Еще раз заржала Зина так же звонко и тревожно, и грустно стало у меня на душе отчего-то, и жалко неведомо чего. Забывшись, я высунулся из-под высоких разлапистых лопухов, огляделся: кого она могла так настойчиво призывать?.. Под бугром лошади перестали пастись, подняли головы, замерли, повернувшись в нашу сторону. Одна из них отозвалась. То, видно, была Альфа, ее напарница по упряжке. Зина обернулась на отзыв и тут увидела меня. Внимательно, с явным удивлением оглядела: «Откуда ты тут взялся, маленький человек?» Помотала головой и деловито пошагала к лошадям, к своей напарнице.
Я проводил ее взглядом и, сам не знаю почему, пошел на то место, где она стояла. Земля у забытой могилы была утоптана, кругом виднелись отпечатки копыт. И тропинка сюда шла со степной стороны через старую канаву. Это говорило о том, что Зина приходила к могиле не раз. Но почему она приходит именно к этой могиле? И кто в ней похоронен?.. На деревянном потрескавшемся кресте была вырезана пятиконечная звезда, и больше никаких знаков на нем я не нашел. Лишь несколько лет спустя я разгадаю эту тайну.
Думают, думают лошади — в этом я крепко убежден. Им снятся сны и довольно драматические, волнующие, если судить по их реакции, — я ведь наблюдал не только за одной спящей Зиной. А сны видят, безусловно, лишь те, кто обладает способностью мыслить, кто сильно, остро чувствует, кто обладает хорошей, емкой памятью, кому есть что вспоминать и в ком пережитое не подвергается ржавчине времени.
Вот сколько, спросим, чувств у лошади?.. «Шесть!» — утверждают знатоки-коневоды. Они-то знают!.. А шестое-то чувство — память.
2
Не раз приходилось мне задумываться о роли случайности в жизни человека. Причин для подобных размышлений у меня было немало.
Вот если бы меня в то знаменательное утро мать подняла с постели вовремя, с восходом солнца, моя жизнь наверняка сложилась бы по-иному. Всего лишь на полчаса я опоздал на бригадный двор, а что потерял и что приобрел?! Какие муки и какие радости пережил?!
Сказать точнее, история эта началась не в то утро, а на день раньше, с того часа, когда в нашу Еремеевскую начальную школу (от нее ныне холмик остался на выгоне: в войну в ней дот устроили) пришел бригадир второй полеводческой бригады Леонтий Павлович Алексеенко, мой дядя, мамин брат. Дело было в конце мая 1934 года, в день, когда нас, второклассников, отпускали на каникулы. Привел в класс дядю наш добрый учитель и воспитатель Абрам Матвеевич Казанков.

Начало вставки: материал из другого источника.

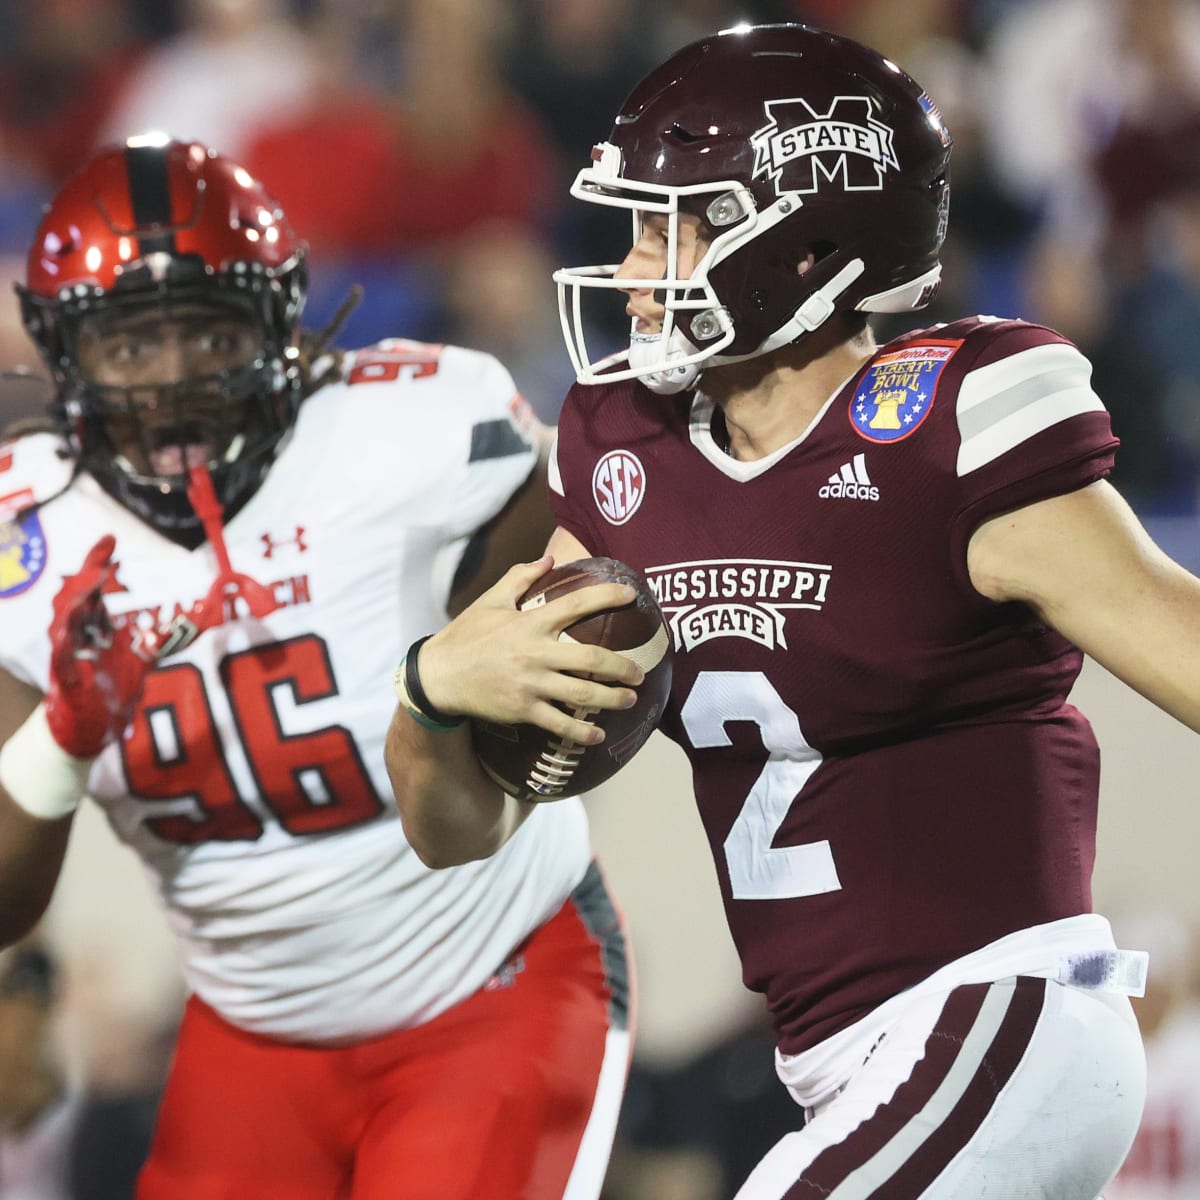 Mississippi State Schedule 2022 Mississippi State Football: Bulldogs Face Nation's Toughest Schedule In 2022  - Sports Illustrated Mississippi State Football, Basketball, Recruiting,  And More
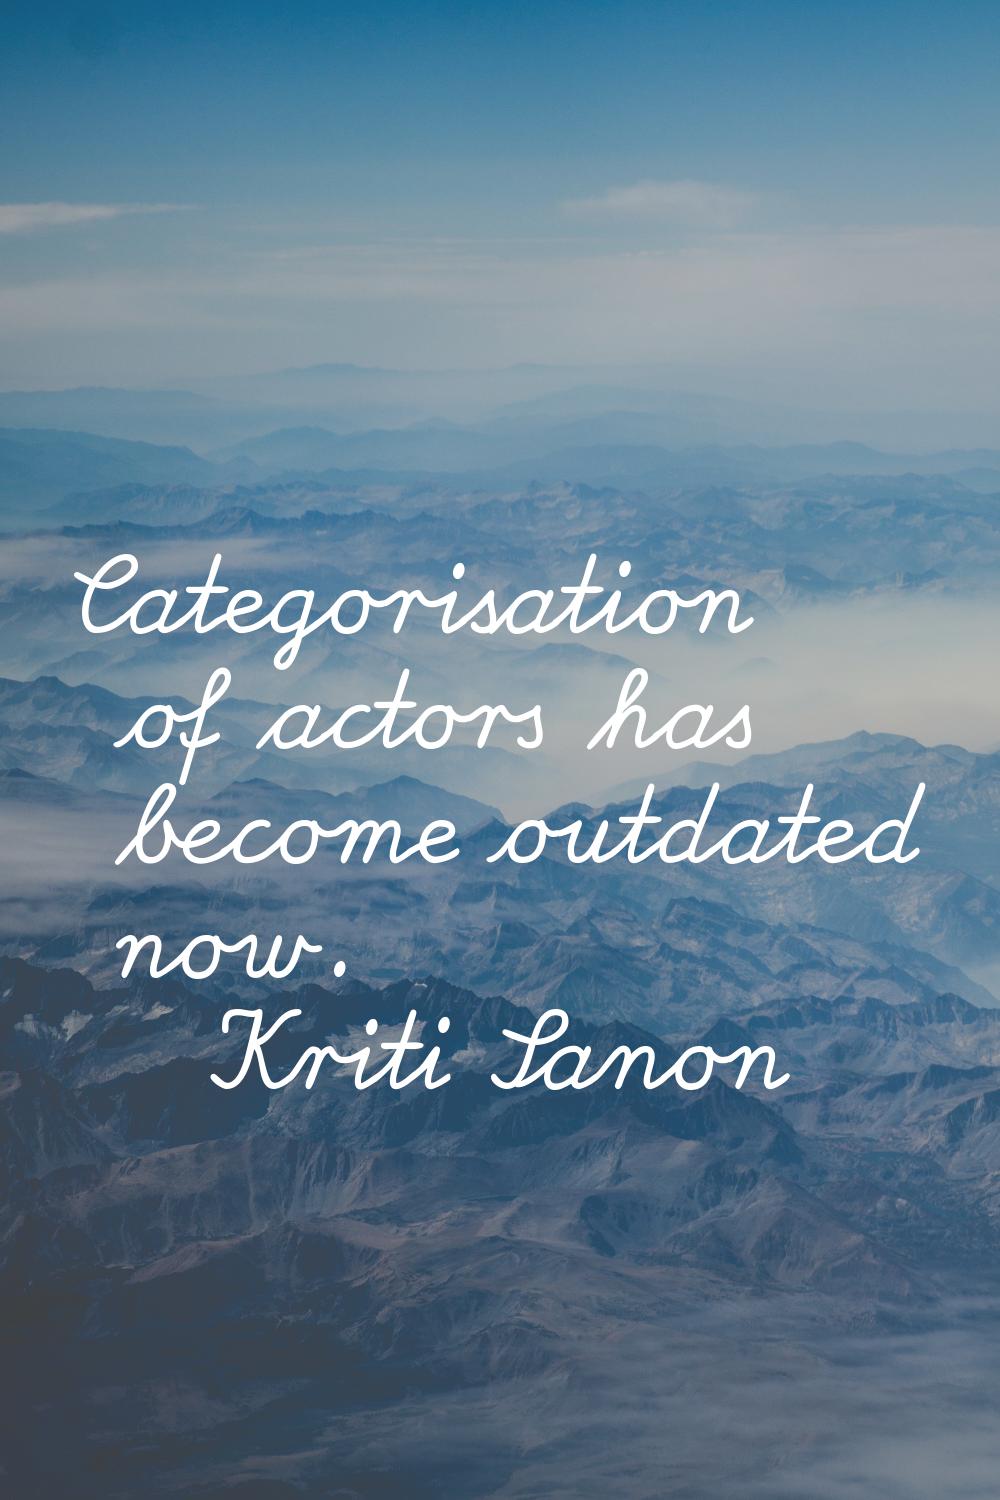 Categorisation of actors has become outdated now.

Прекрасные люди, обладавшие высокими человеческими достоинствами, — Леонтий Павлович и Абрам Матвеевич!.. Их давно уже нет в живых, но у меня сердце дрожит от волнения, когда я думаю о них. Они живут в памяти, в том моем ребячьем мире, в основание которого они же закладывали частицы своей чуткой, щедрой и ласковой к детям души. Живут там, не умирая, как и другие хорошие люди, которых я поселил туда в разные годы жизни.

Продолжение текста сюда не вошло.